_WORK REQUIRED:_
Word for word, restate the data that follows, omitting the images.

_MATERIAL PROVIDED:_
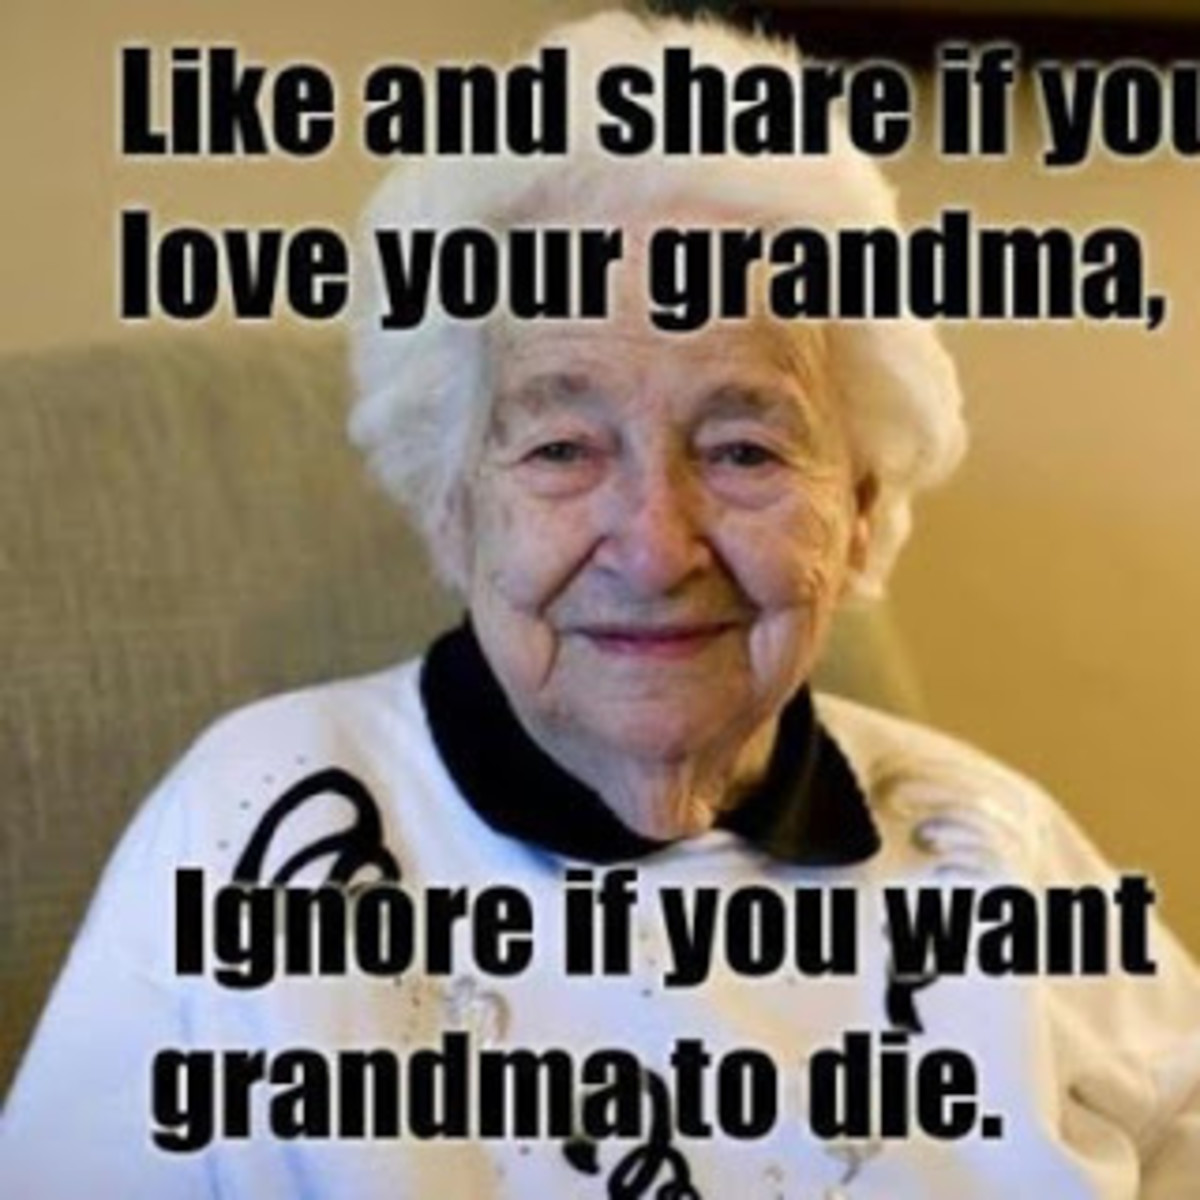 Sorry Granny, I guess I hate you.
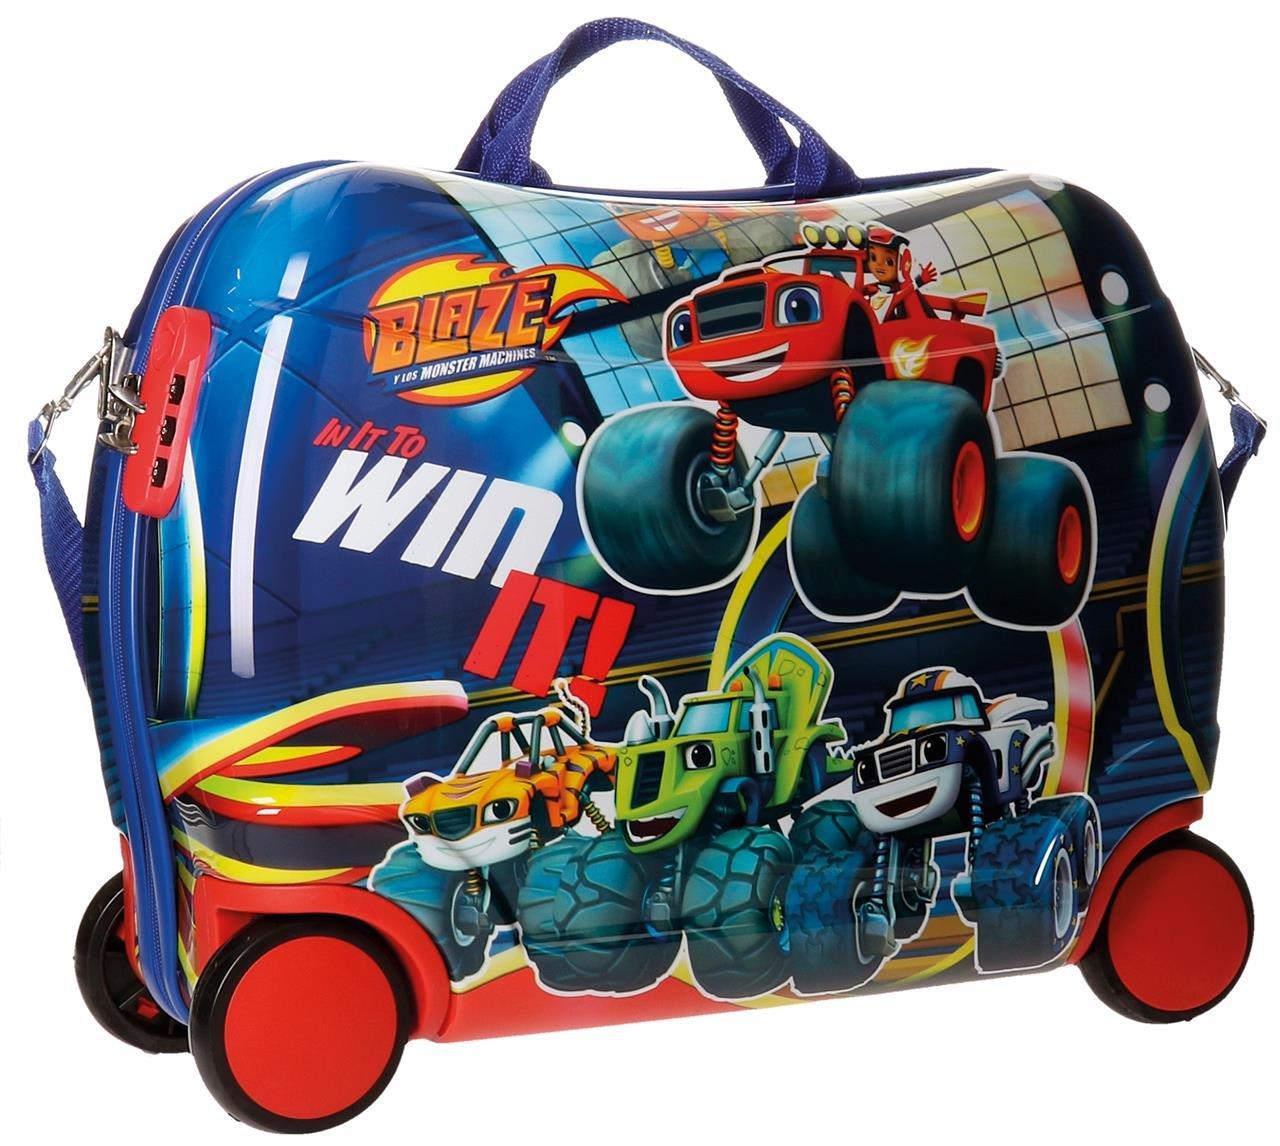 Blaze Blaze Kindergepäck, 50 cm, 34 liters, Mehrfarbig (Multicolor)
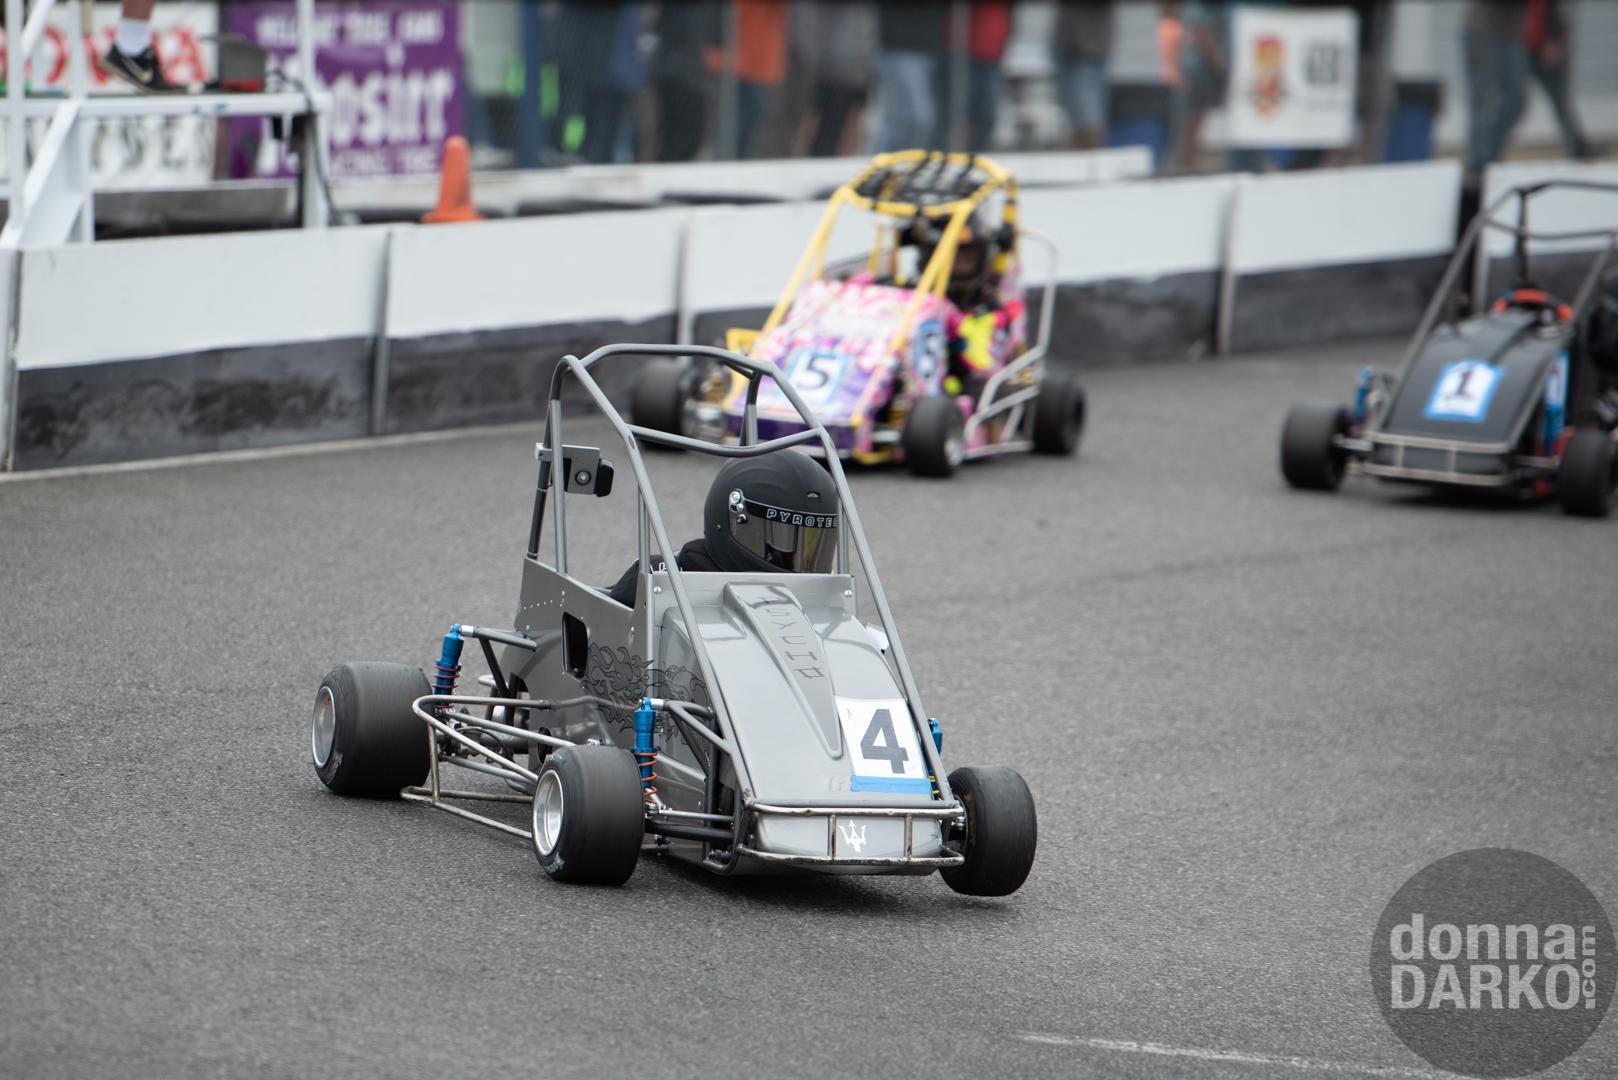 QWMA (Racing) 8-11-2019 DSC_5909.jpg

_OUTPUT FOR THIS EXERCISE:_
 Sorry Granny, I guess I hate you.
 Blaze Blaze Kindergepäck, 50 cm, 34 liters, Mehrfarbig (Multicolor)
 QWMA (Racing) 8-11-2019 DSC_5909.jpg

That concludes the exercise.